I spend quite a lot of time thinking about the future and especially how AI will shape it. I'm more or less oscillating between states of euphoria and uneasiness due to the rapid progress that we see in AI tooling on the one hand and the implications this might have on our lives on the other hand. I therefore often think about the current capabilities of LLM-based AI systems and what's still missing to reach human level intelligence.

Some argue that we have already reached or even exceed human-level intelligence, and for certain applications, this is probably true. But there are still fundamental things missing and I don't know if or when this might get solved. Don't get me wrong, I am certainly among the power users of AI tools and feel immensely empowered by them. And I also don't think we need to match human intelligence in order for us to reap the benefits of AI. On the contrary, I am convinced that we have barely scratched the surface of what we can use the AI models for. But when the CEOs of most AI labs are heralding artificial general intelligence as basically solved and artificial super intelligence to be right around the corner, it is important to acknowledge that there are still many holes in today's AI systems.

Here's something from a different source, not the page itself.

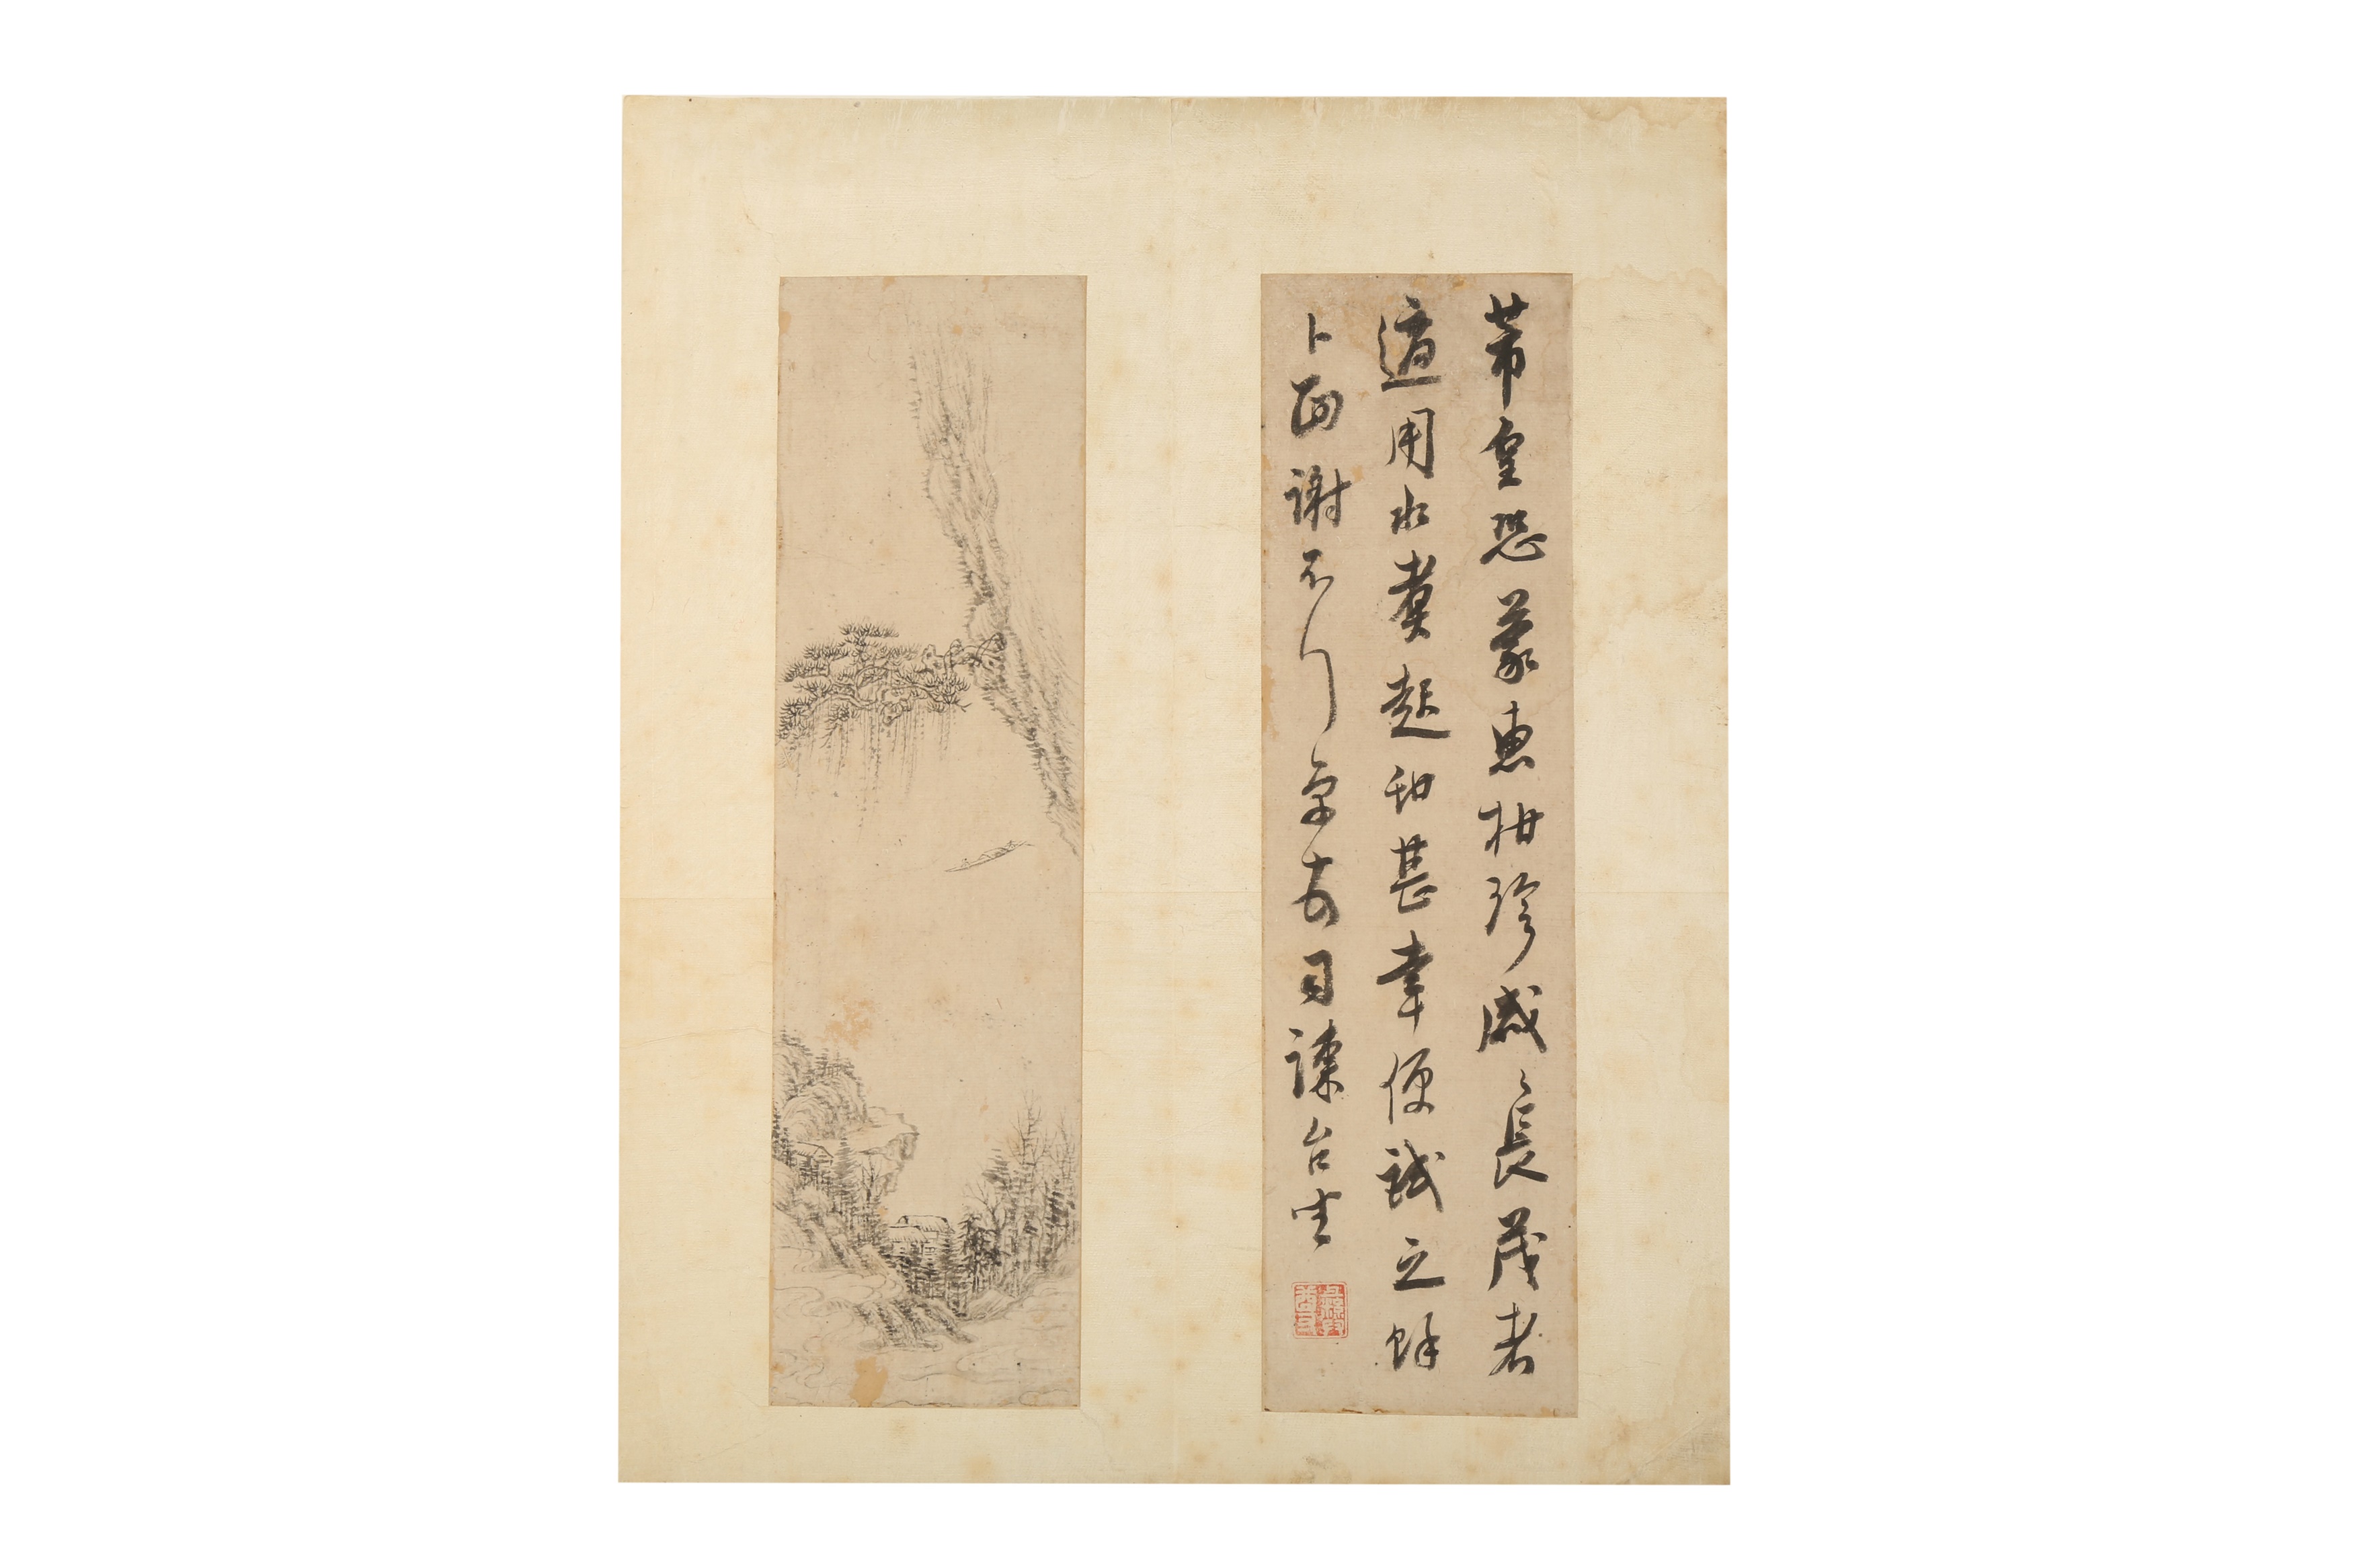 ZHU YIZUN (1629 – 1709); CUI ZHAOZHI; CHENG ZANQING; QI ZHAOLIN and others.

Serendipitous shower thoughts

One thing I have realized in the last year or so, is that in contrast to an AI system that would happily go through task after task for as long as you are willing to feed it with more and more instructions (each one with a fresh context window of course), the human brain needs room to breath in order to work its magic.

This becomes very apparent to me when working with code. Sure, Claude Code would give you a solution to a problem you give it and it would probably do a decent enough job even with limited specified requirements. But what really makes a difference, at least for me, is consciously and subconsciously thinking about a given problem over an extended period of time. When you carry a task with you for days or even weeks, you somehow seem to form new and often random connections. They appear as sudden burst of ideas you get under the shower even if you were thinking about something completely different.

That is not how current LLM-based systems work. They do not hold idle thoughts in between the many different prompts that are sent towards them. They don't even truly hold any state, since the context window containing all turns of the current conversation has to be handed to them for each new call. Yes, with enough agentic scaffolding you could simulate this to a certain extend, but I don't think we know enough about these serendipitous shower thoughts to just emulate them (disclaimer: I am, of course, not a neuro-scientist, so take this statement with a huge grain of salt). Instead, what might lead us there are systems that are constantly taking in the world with different sensory capabilities similar to how we humans do it. The big AI labs are probably already working on such systems and the findings they have made behind closed doors might be the reason for their bold predictions. The good thing about short time horizons is that we will find out pretty soon either way.

Upgrading the mind

In my experience, the main bottleneck for building software (and other systems) is the time required to let the ideas bounce around in our head until we feel that we have a good grasp of what direction to take. AI can act as a catalyst because it can patiently wait for us to get to this point and we can even use it to loop through our many ideas to try and get there a bit faster. But in the end, I have not found a real replacement for contemplation, even though I use AI to help me keep track of my many parallel ideas. And man is it satisfying to finally sit down and blast through implementing a new feature after you have thought about it long enough.

It could well be that I am weird and that it's different for you but I would still encourage you to try and let the thoughts sink in from time to time. Let them marinate.